_Exercise directions:_
Set down a faithful copy of every record below, with no images.

_Information supplied:_
BEGIN
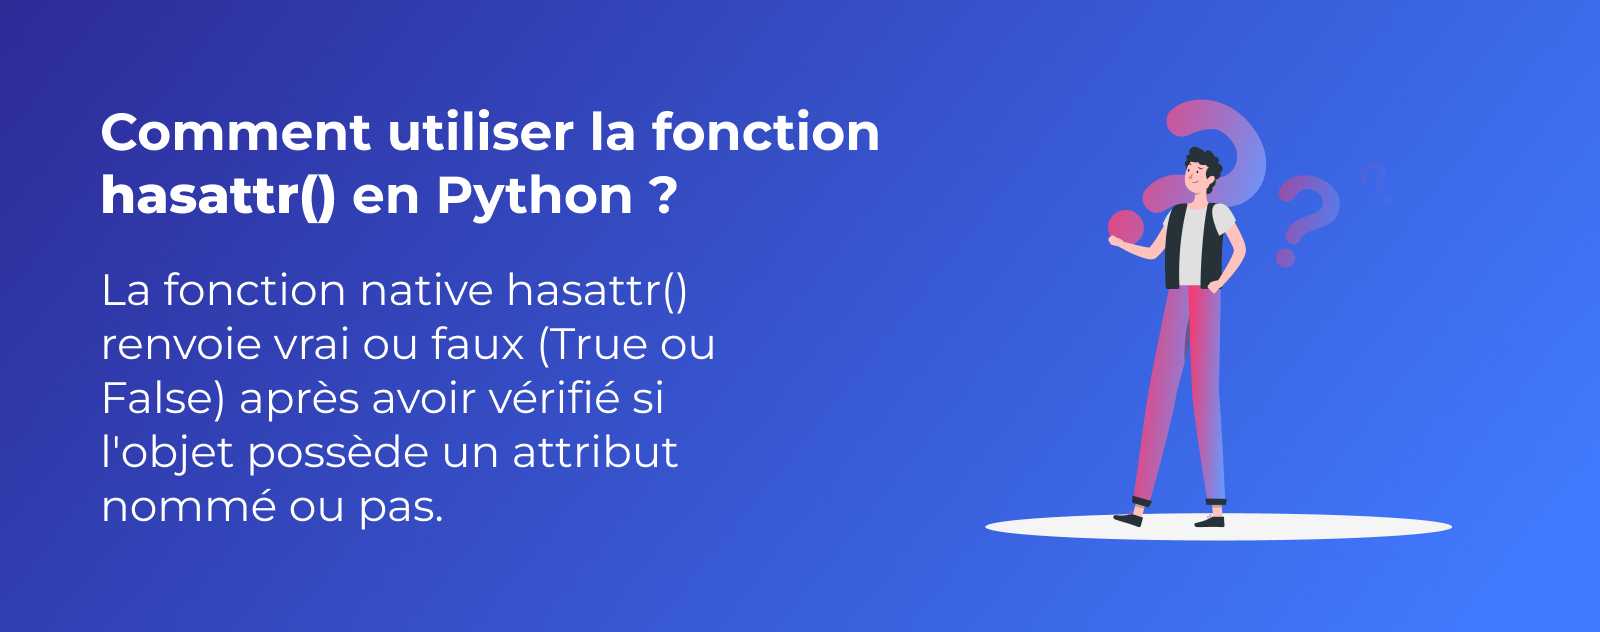 La fonction hasattr en Python
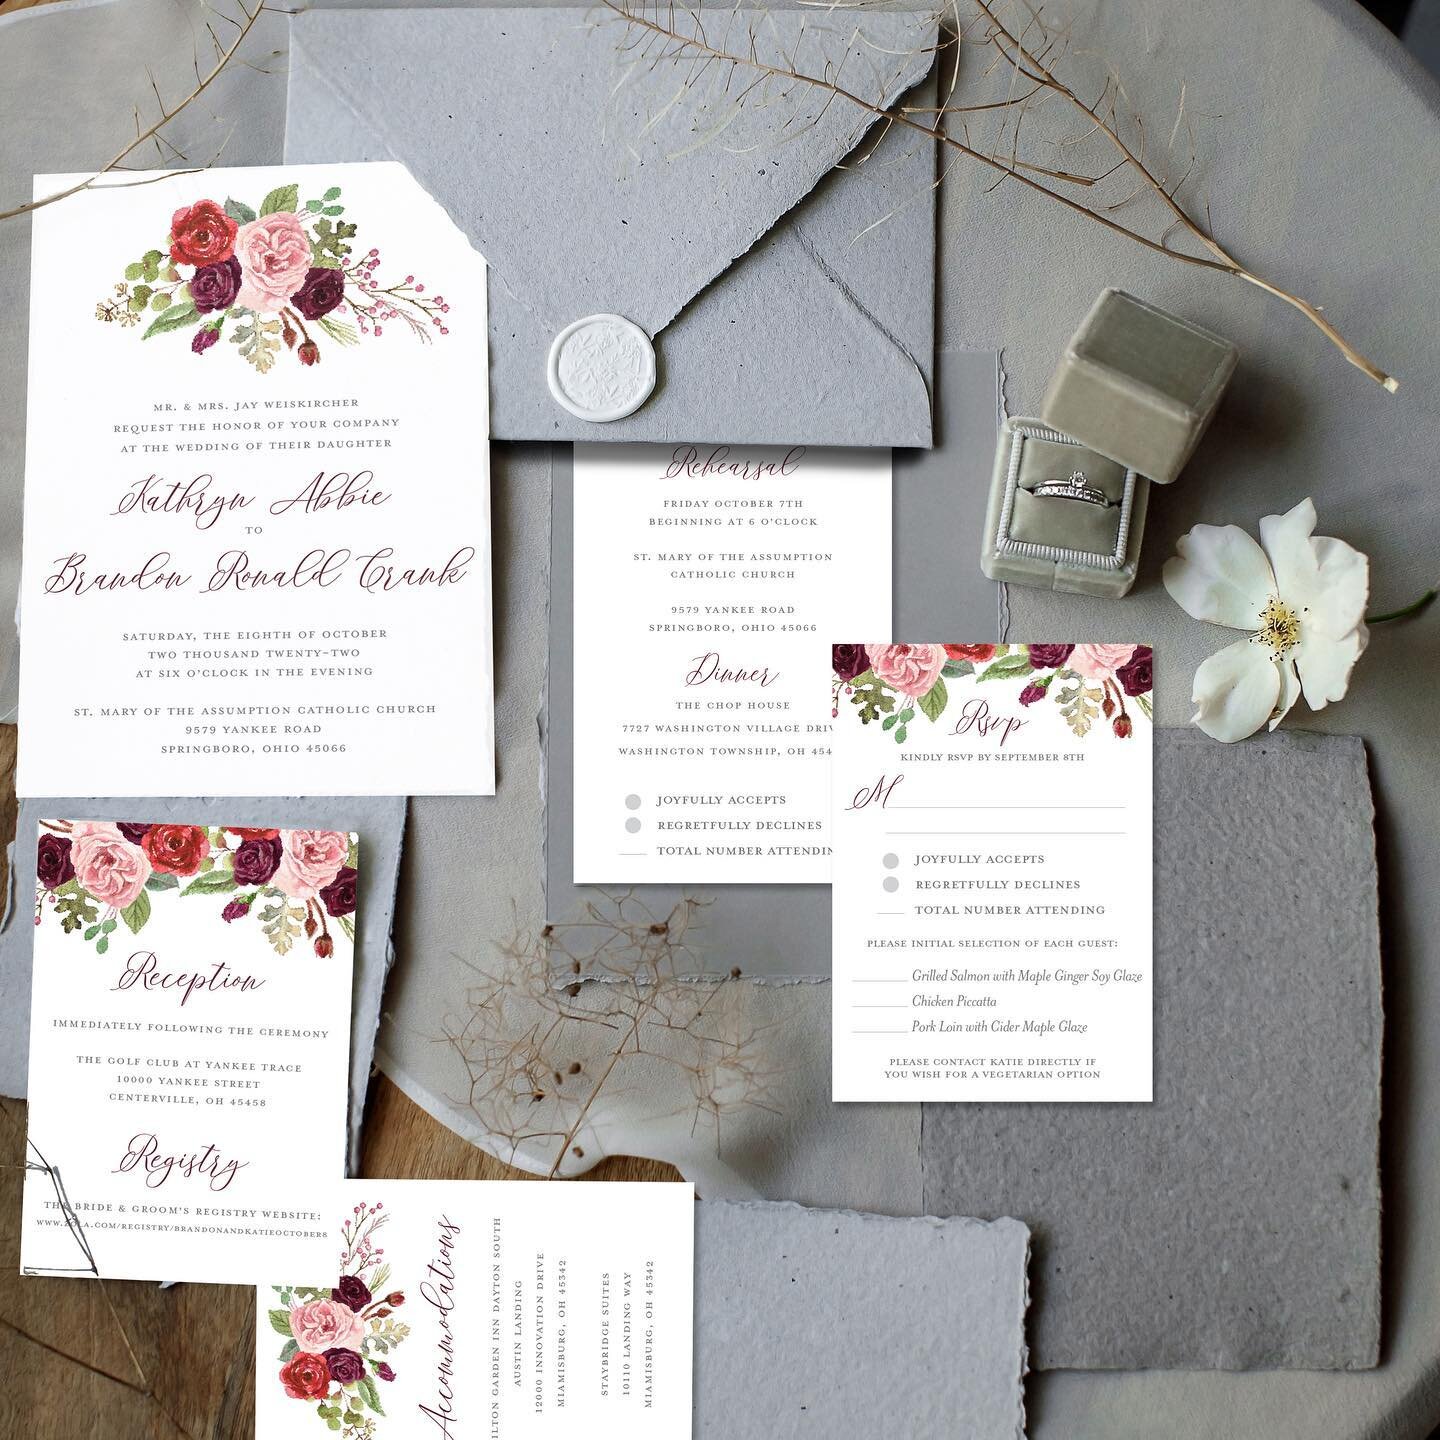 Wedding invitations 🤍
&bull;
&bull;

#wedding #bride #design #cincinnati #ohio #cincinnatiwedding #graphicdesign #invites #invitations #weddinginspiration #weddinginvitations
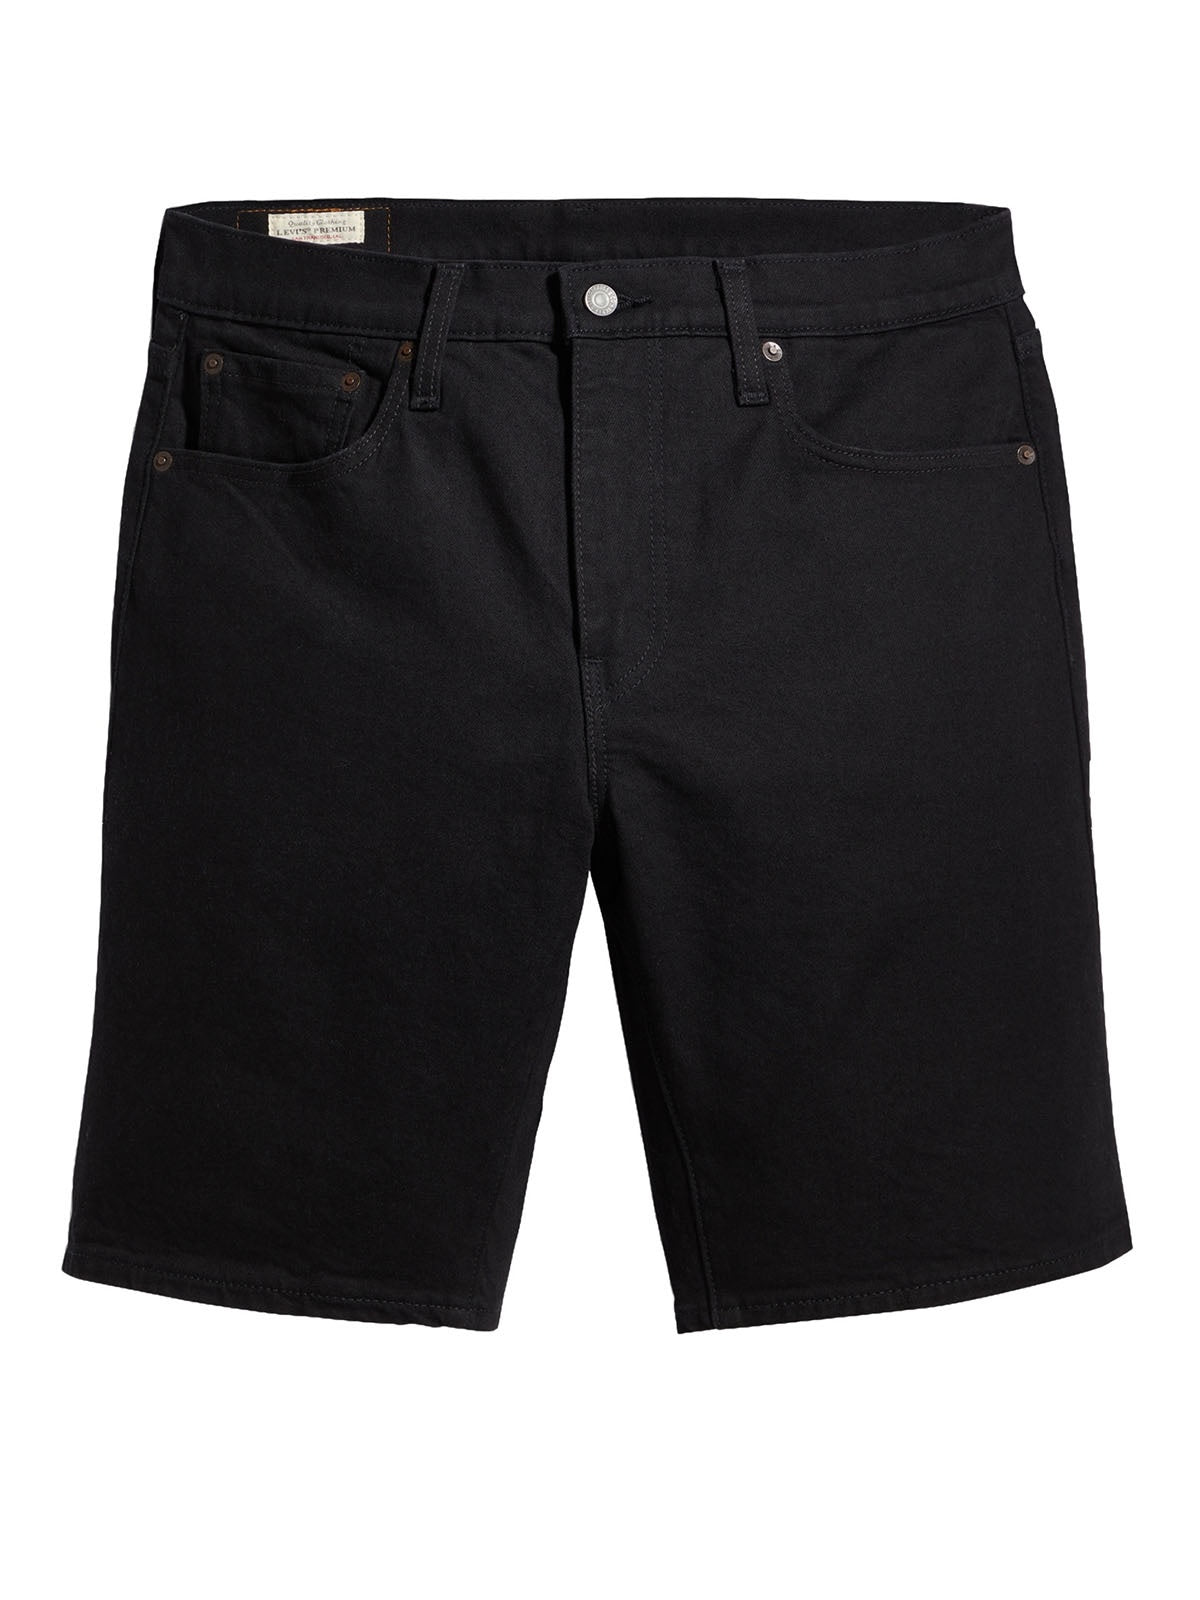 Levi's Men's Bermuda - 405 Standard Short - Black
END
_Response to this task:_
 La fonction hasattr en Python
 Wedding invitations 🤍
&bull;
&bull;

#wedding #bride #design #cincinnati #ohio #cincinnatiwedding #graphicdesign #invites #invitations #weddinginspiration #weddinginvitations
 Levi's Men's Bermuda - 405 Standard Short - Black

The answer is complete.